#### [Task item]
Transcribe all the lines below exactly. Omit the pictures.

#### [Information shown]
:::::

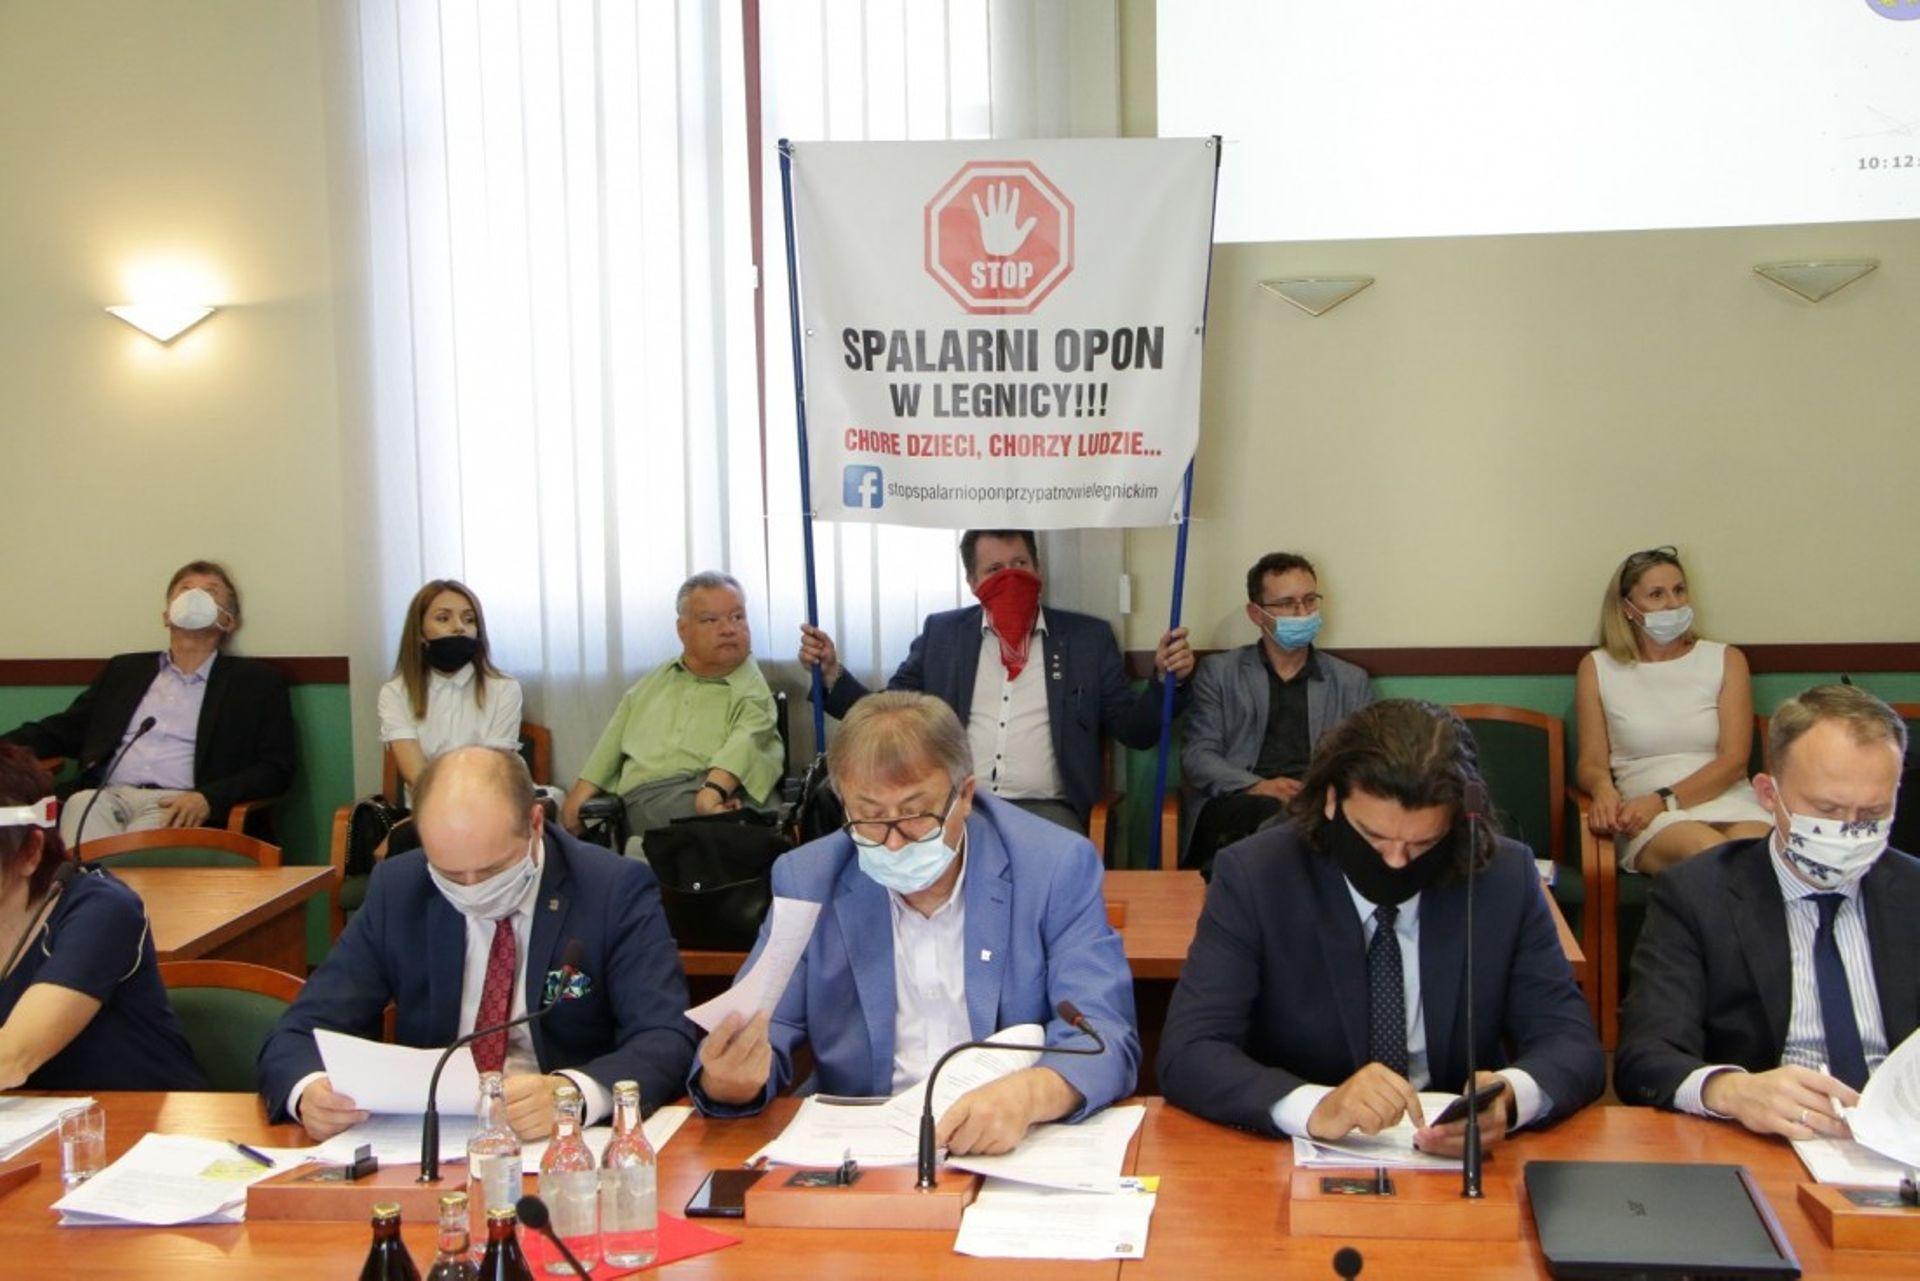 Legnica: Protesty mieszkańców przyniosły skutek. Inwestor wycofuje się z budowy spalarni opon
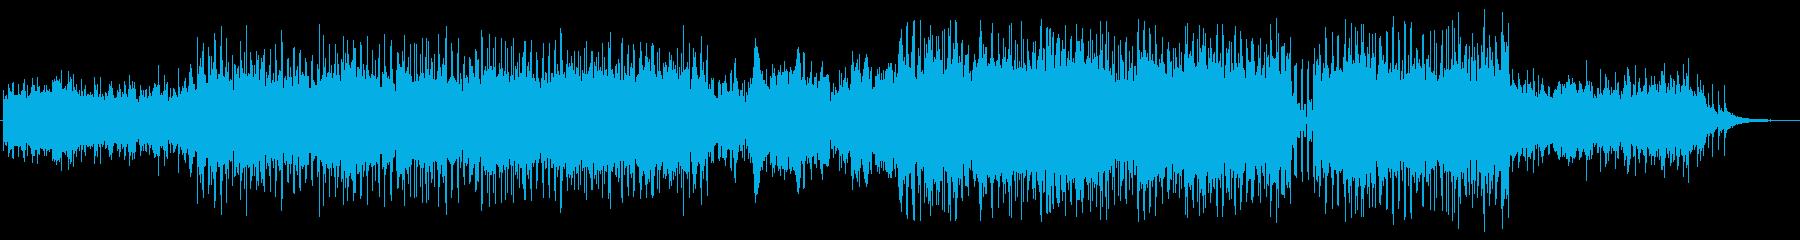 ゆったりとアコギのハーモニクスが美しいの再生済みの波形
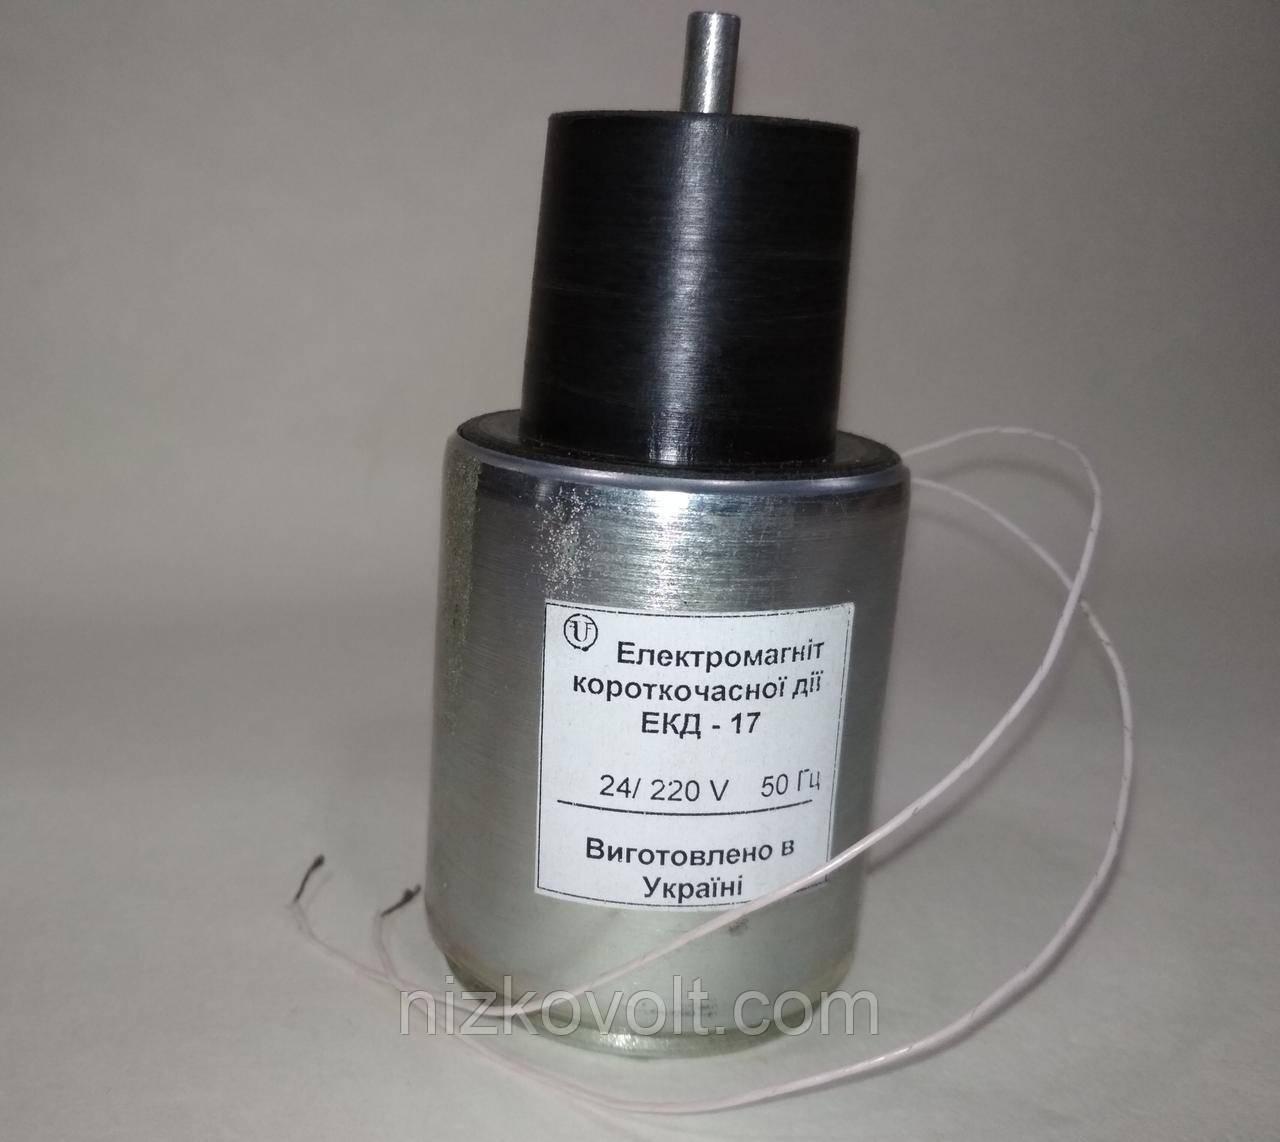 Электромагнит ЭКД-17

:::::

#### [Response to the task]
 Legnica: Protesty mieszkańców przyniosły skutek. Inwestor wycofuje się z budowy spalarni opon
 ゆったりとアコギのハーモニクスが美しいの再生済みの波形
 Электромагнит ЭКД-17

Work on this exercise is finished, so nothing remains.